* SUPPLIED DATA
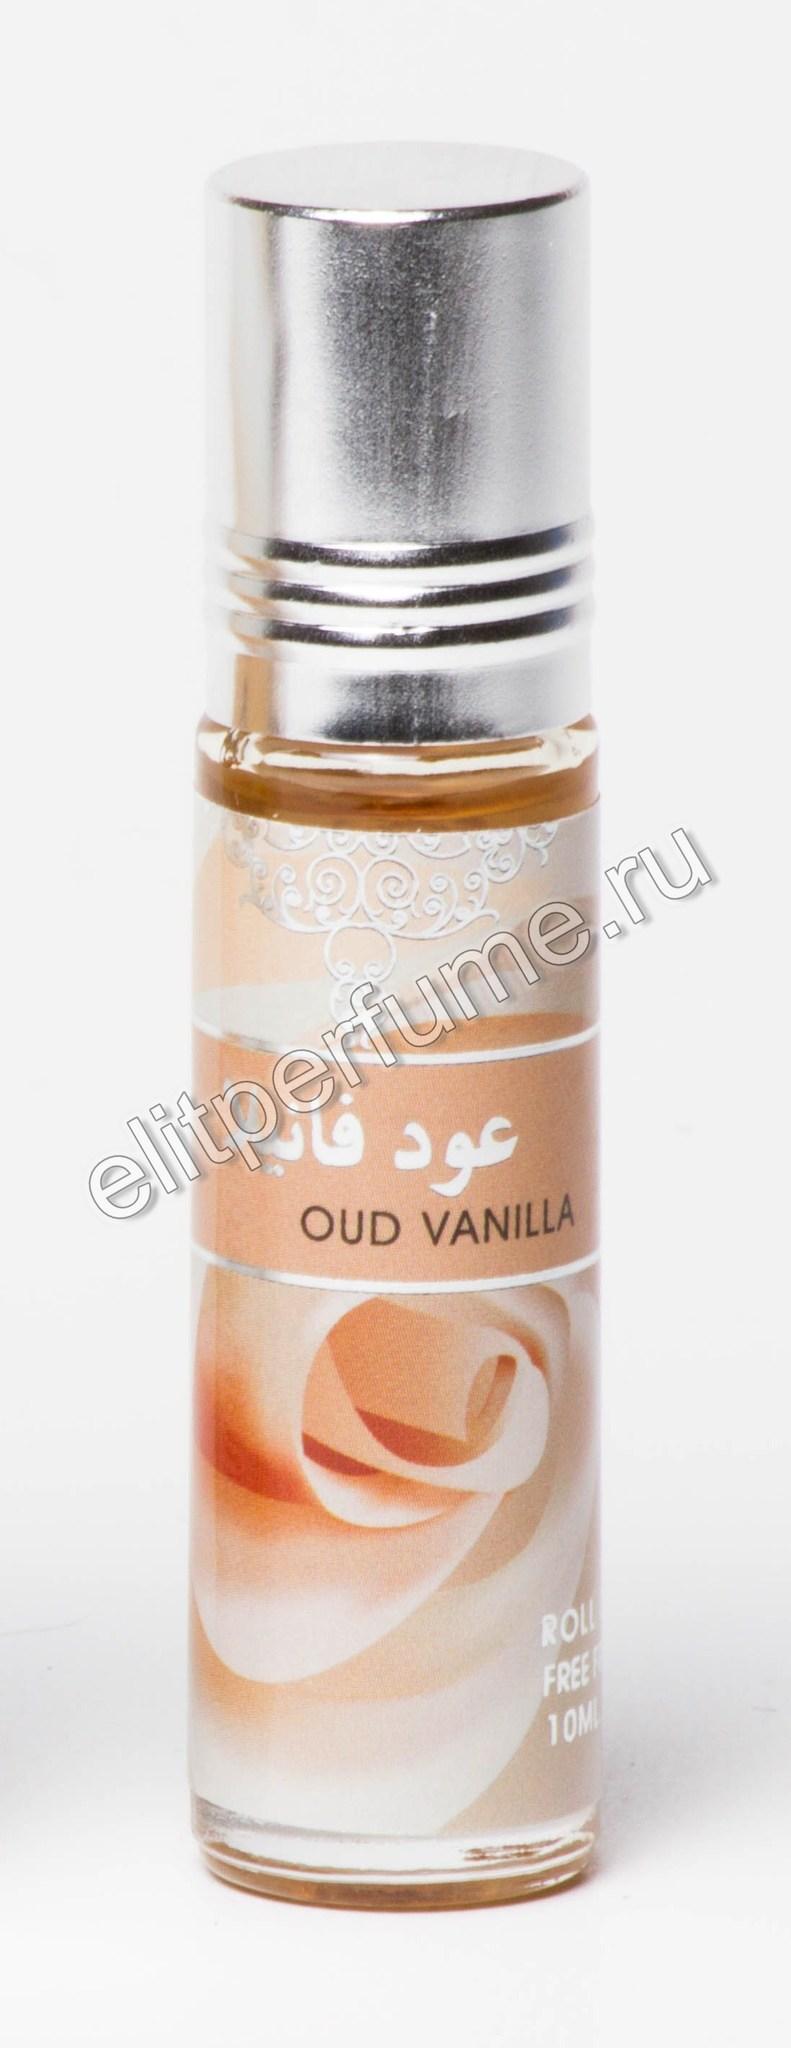 Oud Vanila Уд Ванила 10 мл арабские масляные духи от Ард Аль Заафаран Ard Al Zaafaran
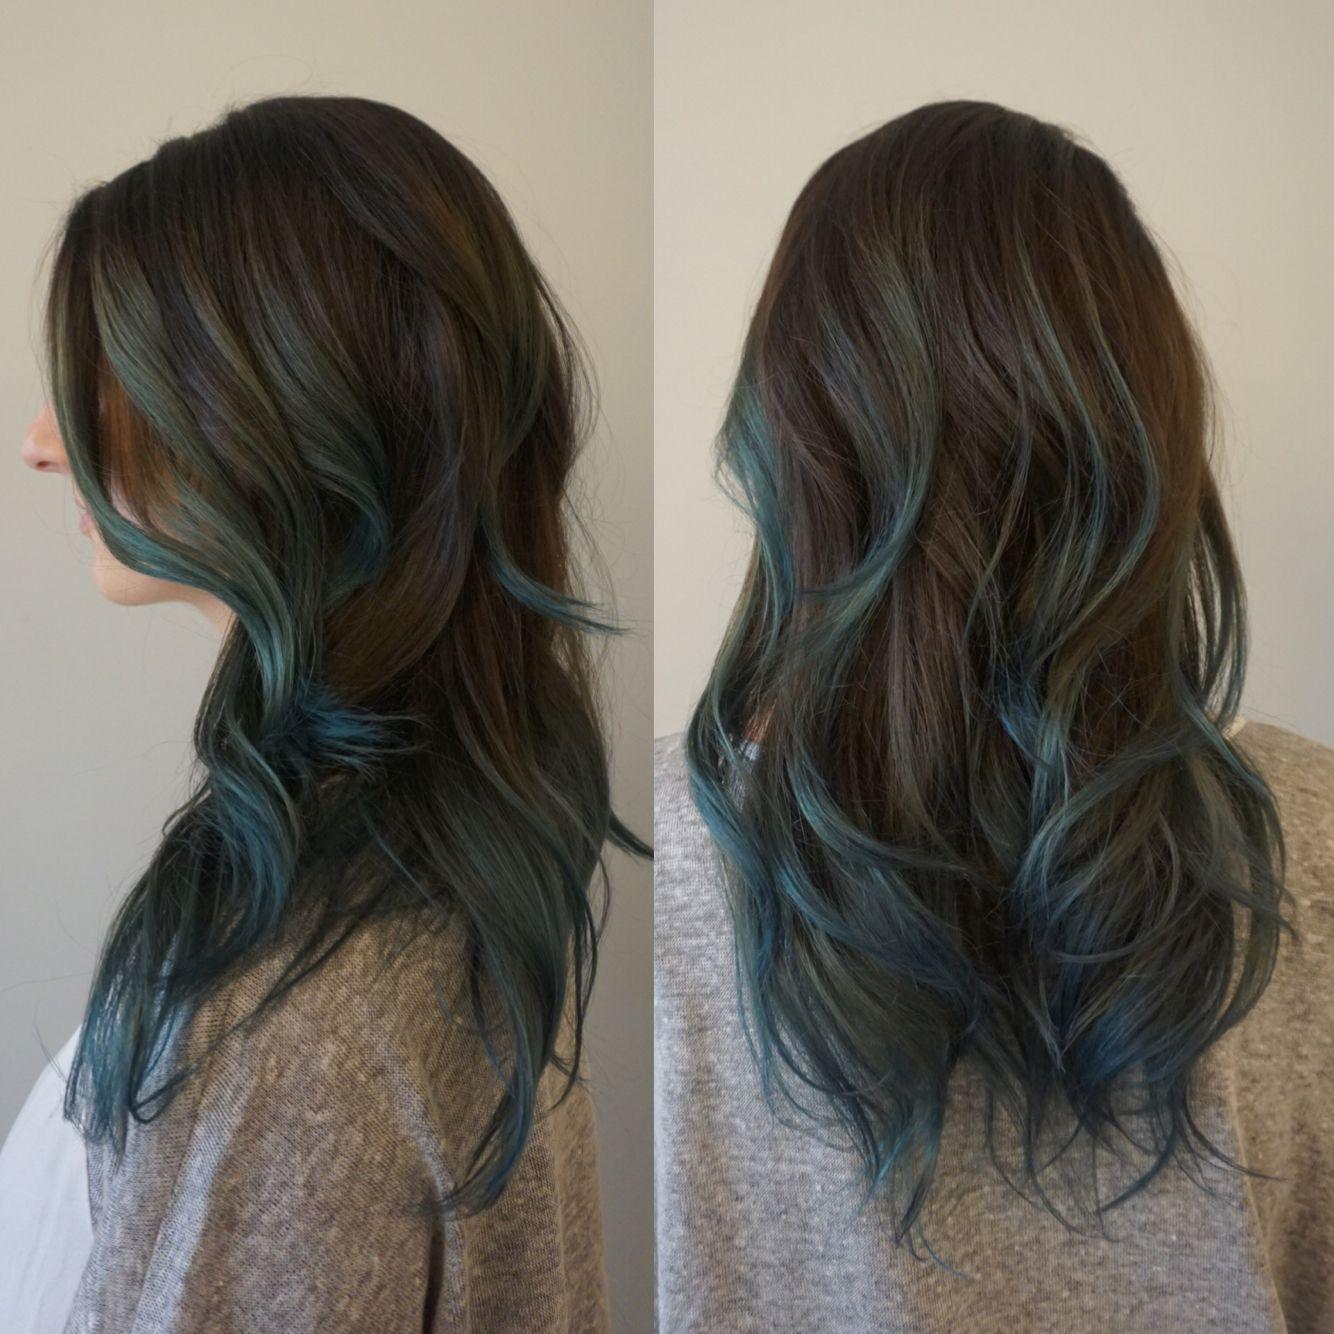 Dusty Blue Sombre Holly At Blueprint Modern Hair In Portland Or Instagram Hollylikeshair Hair Highlights Long Hair Styles Hair Styles
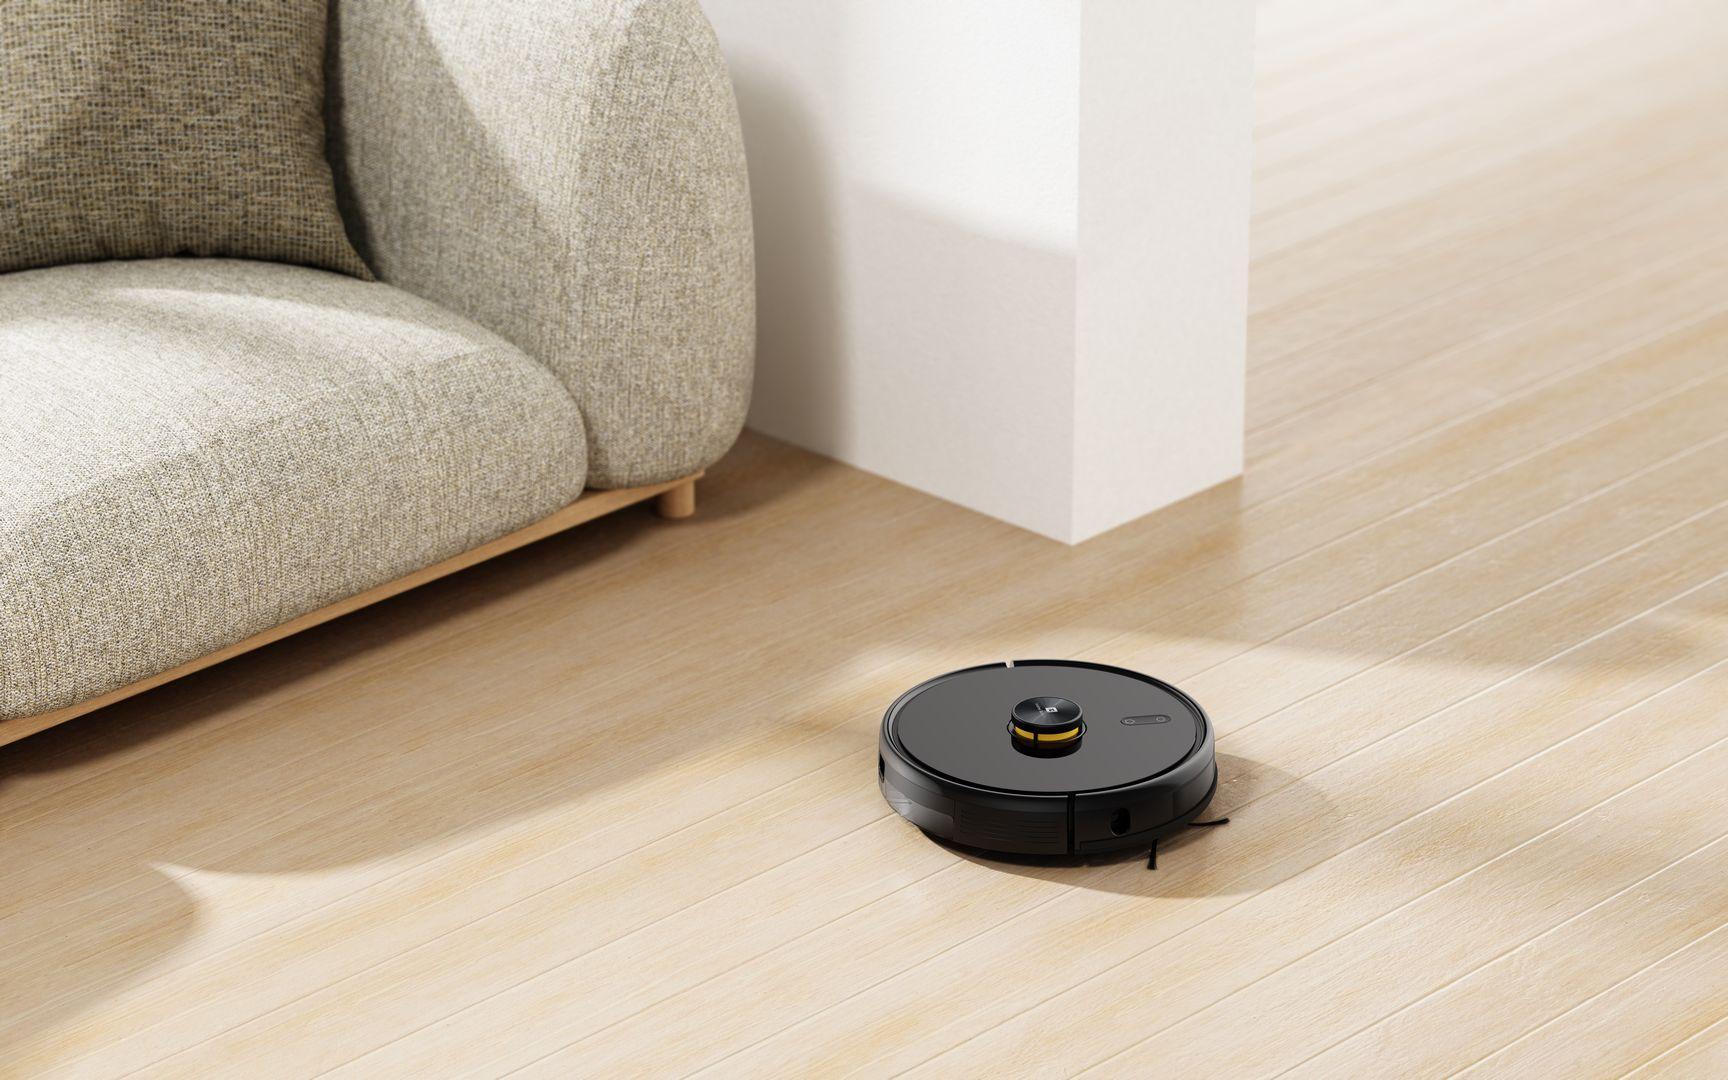 realme TechLife Robot Vacuum fot. realme

* WHAT TO WORK ON
In the copy, include no pictures, but repeat the listing exactly.

* TASK SOLUTION
 Oud Vanila Уд Ванила 10 мл арабские масляные духи от Ард Аль Заафаран Ard Al Zaafaran
 Dusty Blue Sombre Holly At Blueprint Modern Hair In Portland Or Instagram Hollylikeshair Hair Highlights Long Hair Styles Hair Styles
 realme TechLife Robot Vacuum fot. realme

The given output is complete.